### GIVEN DATA
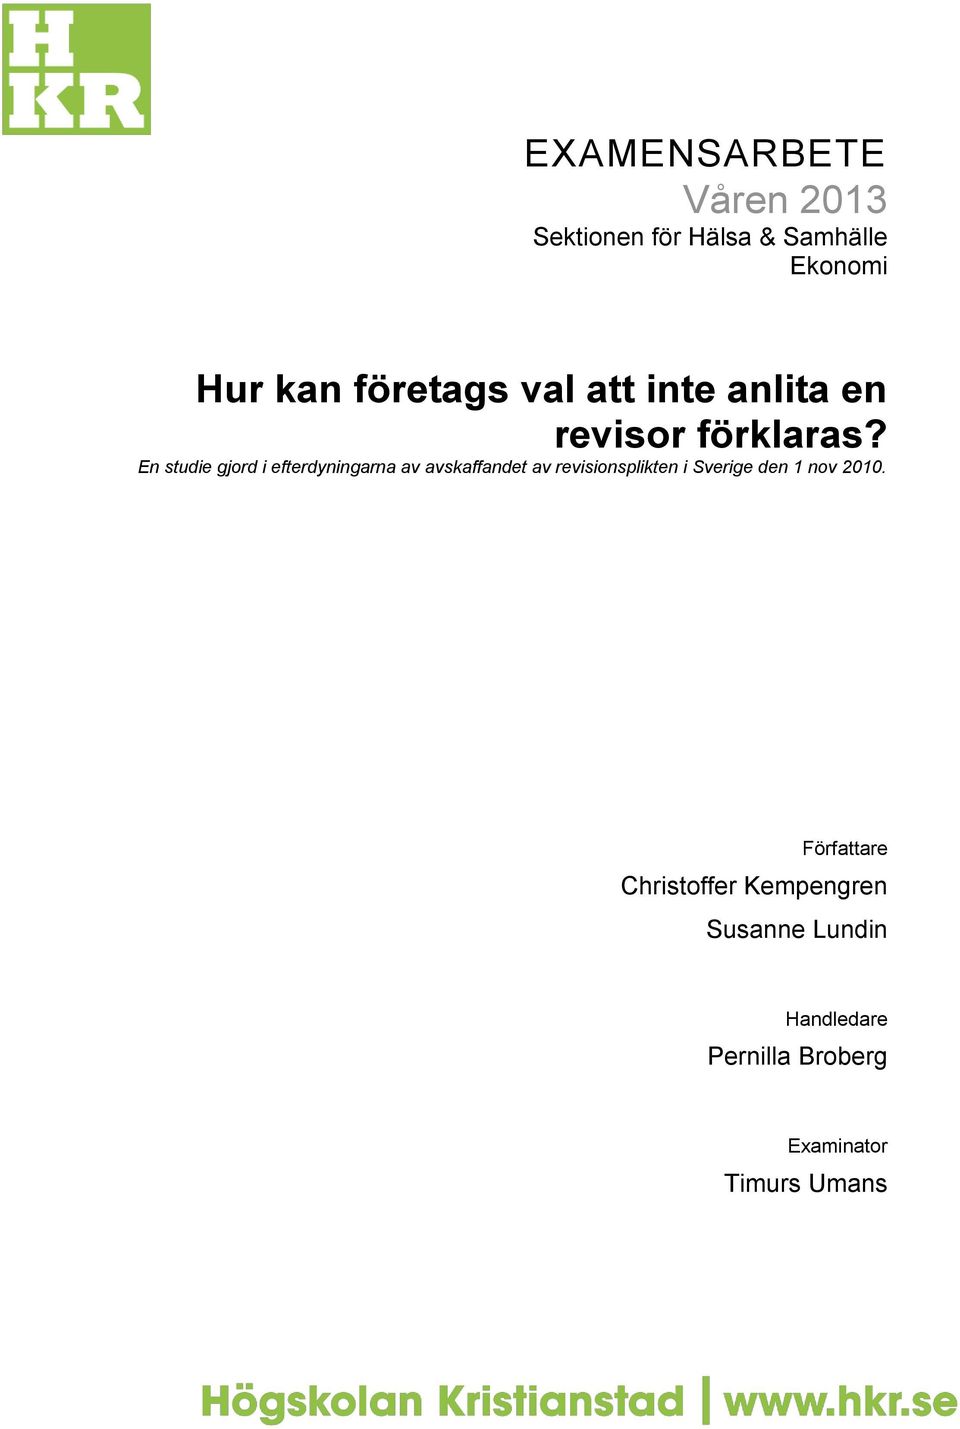 En studie gjord i efterdyningarna av avskaffandet av revisionsplikten i Sverige
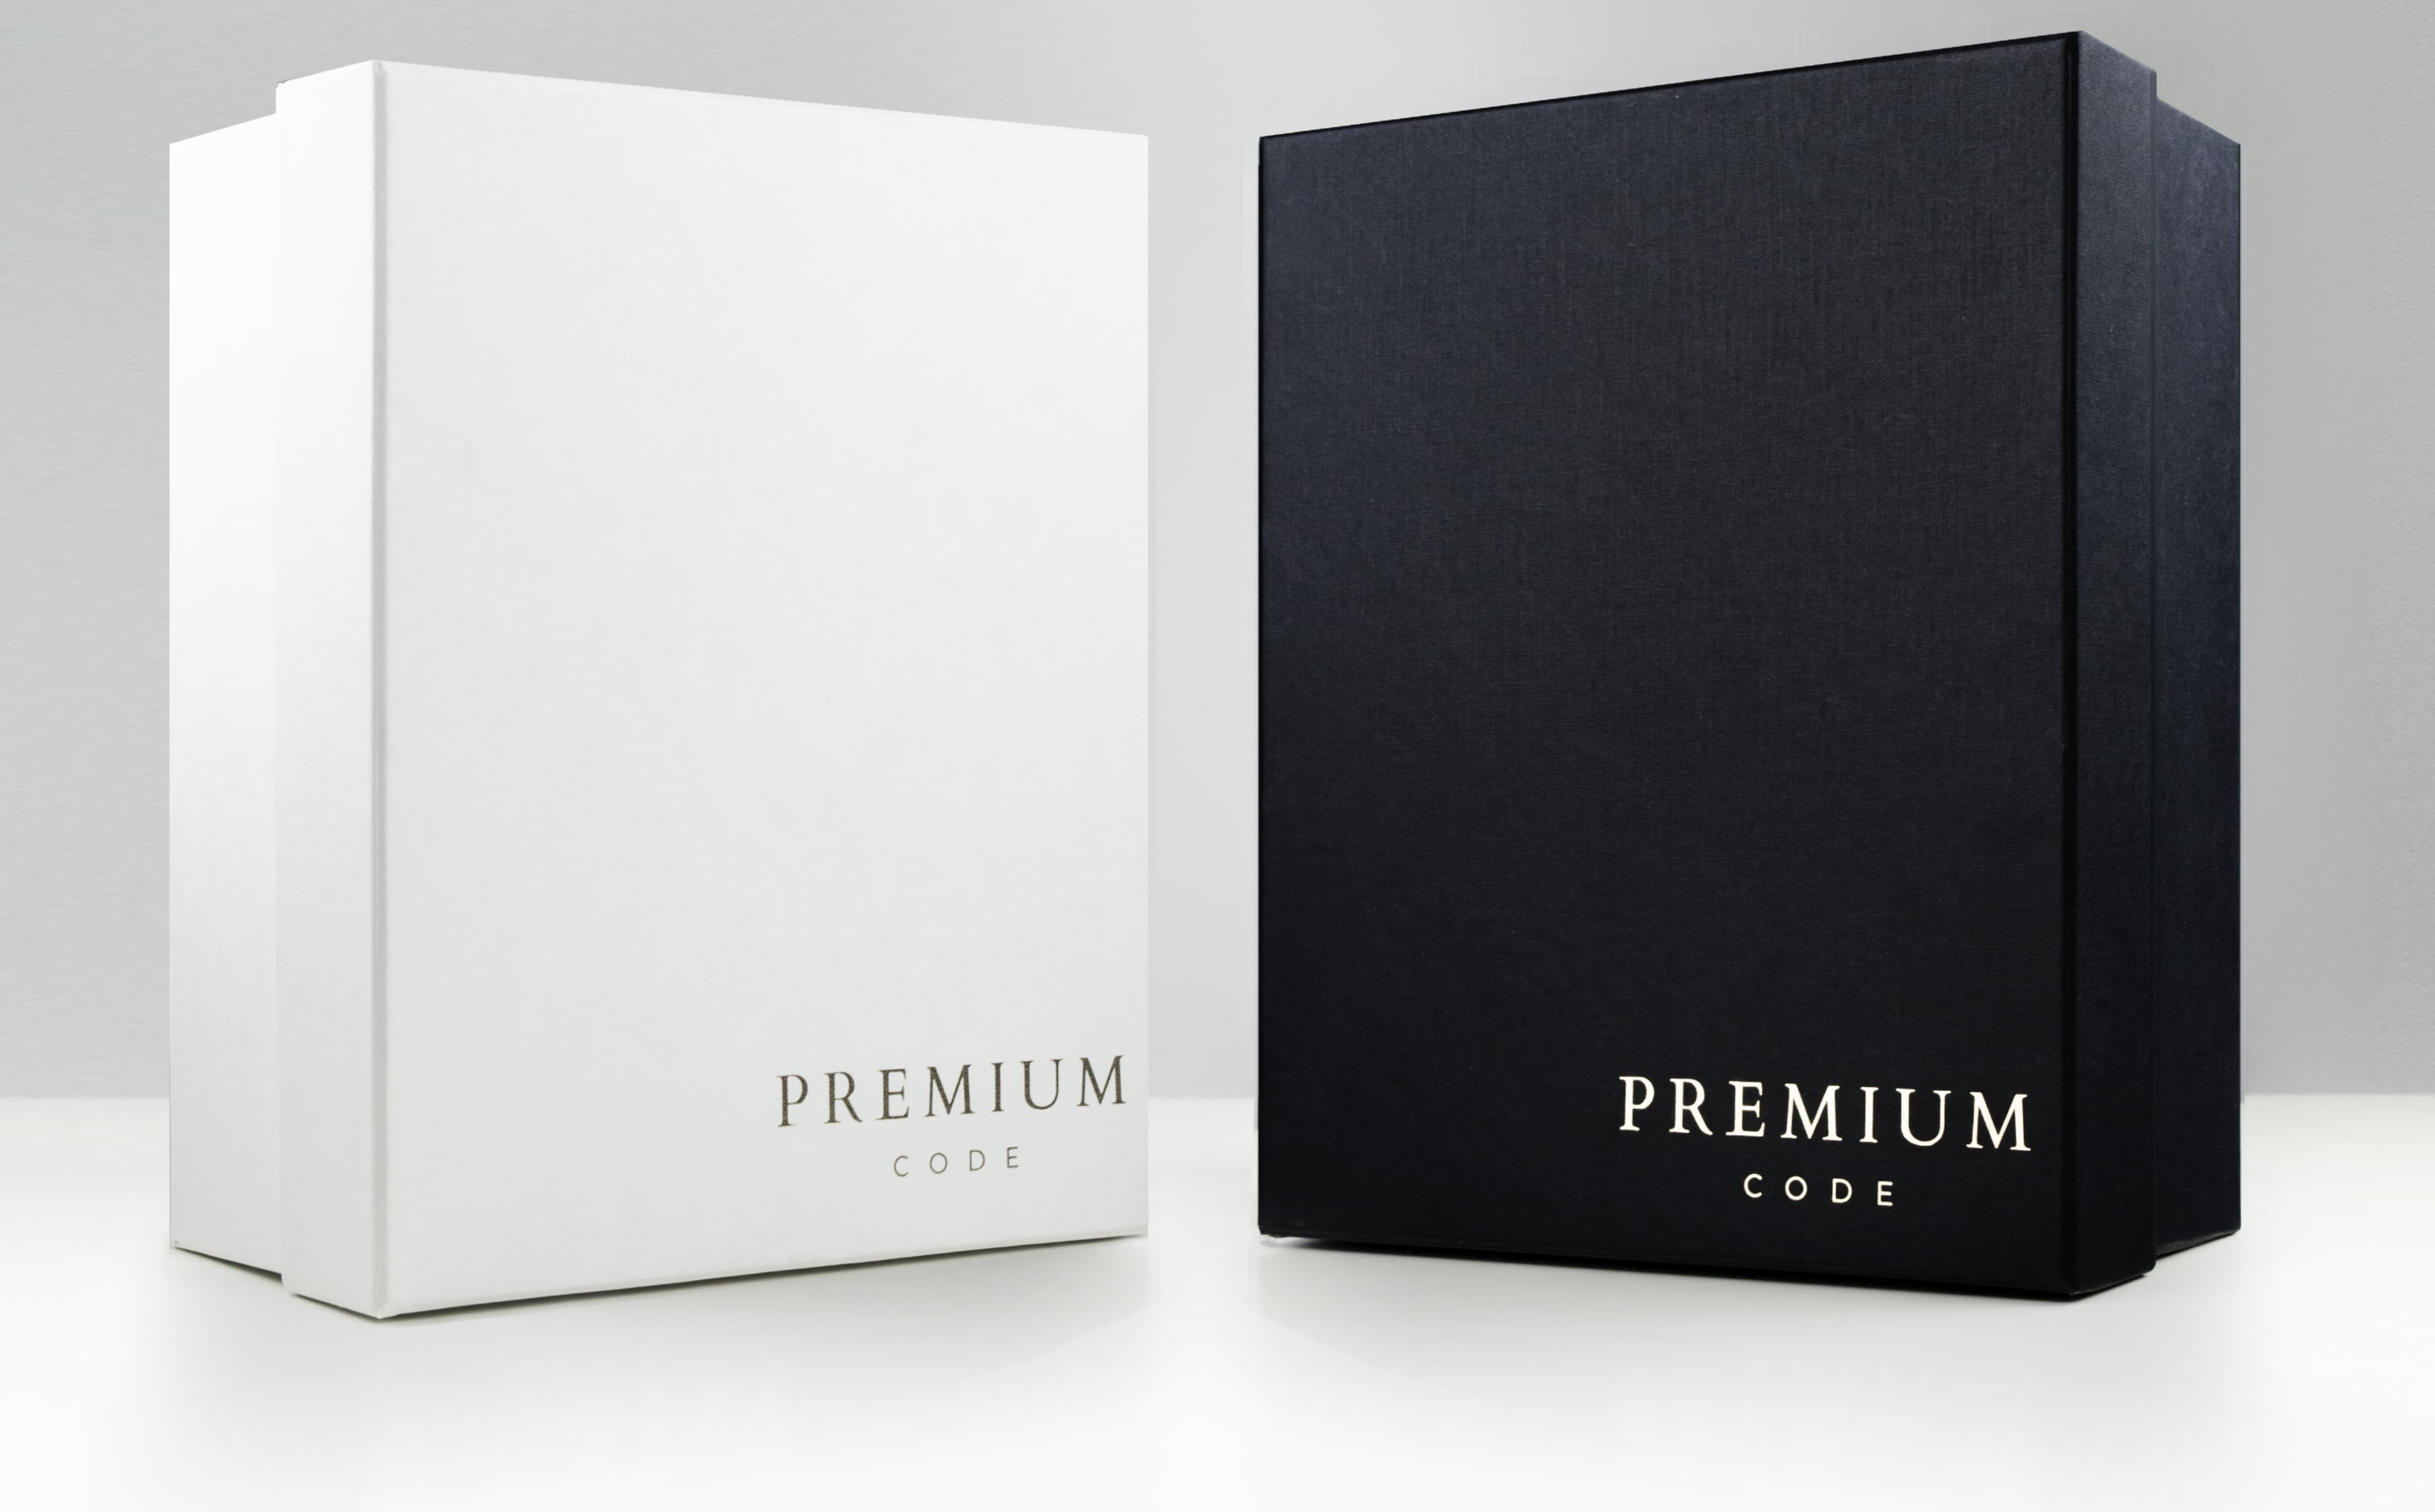 Premium boxes
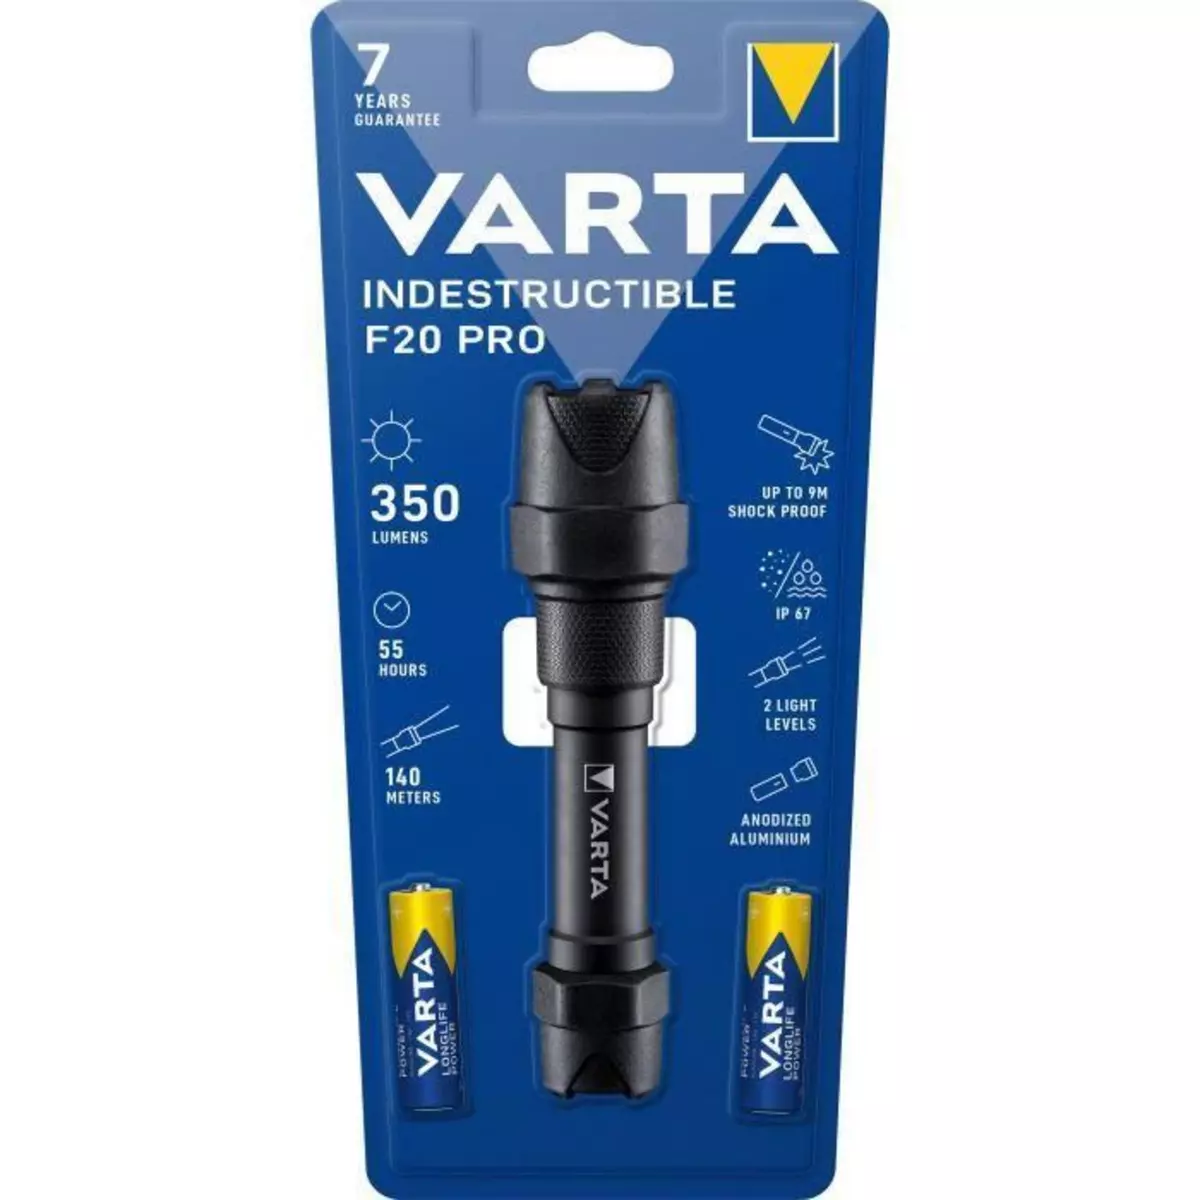  Torche-VARTA-Indestructible F20 Pro-350lm-Garantie 7ans-Resistante au chocs (9m) a l'eau et la poussiere- IP67-2 Piles AA incluses
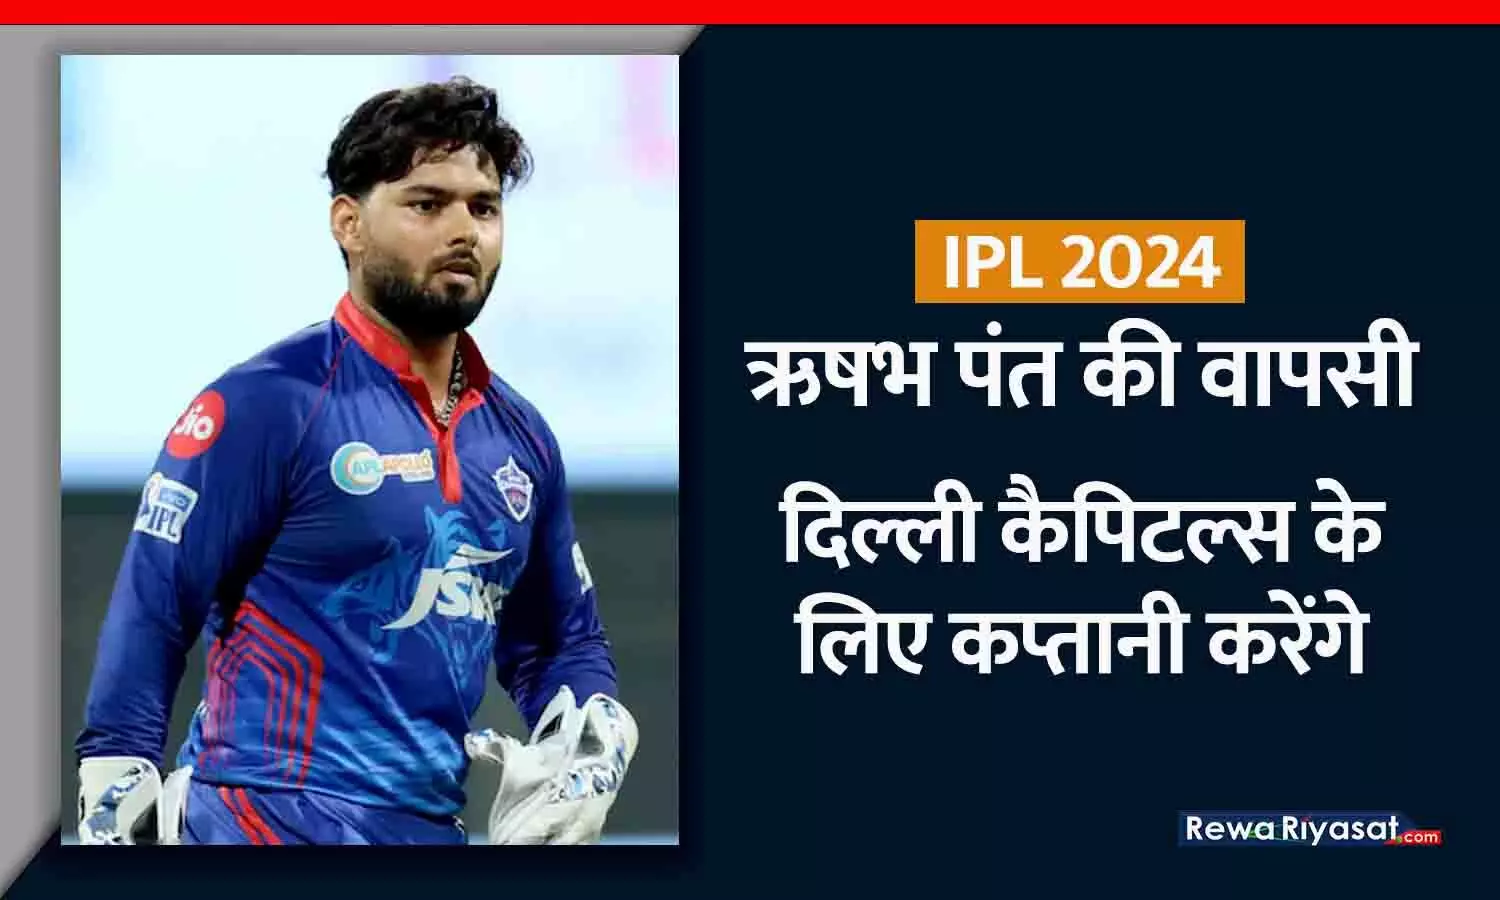 IPL 2024 में ऋषभ पंत की वापसी: दिल्ली कैपिटल्स के लिए कप्तानी करेंगे, टीम के चेयरमैन पार्थ जिंदल ने घोषणा की
######
### WHAT THE TASK ASKS
Repeat the material above exactly. Leave every picture out of it.

### ANSWER TO THE PROBLEM
 En studie gjord i efterdyningarna av avskaffandet av revisionsplikten i Sverige
 Premium boxes
  Torche-VARTA-Indestructible F20 Pro-350lm-Garantie 7ans-Resistante au chocs (9m) a l'eau et la poussiere- IP67-2 Piles AA incluses
 IPL 2024 में ऋषभ पंत की वापसी: दिल्ली कैपिटल्स के लिए कप्तानी करेंगे, टीम के चेयरमैन पार्थ जिंदल ने घोषणा की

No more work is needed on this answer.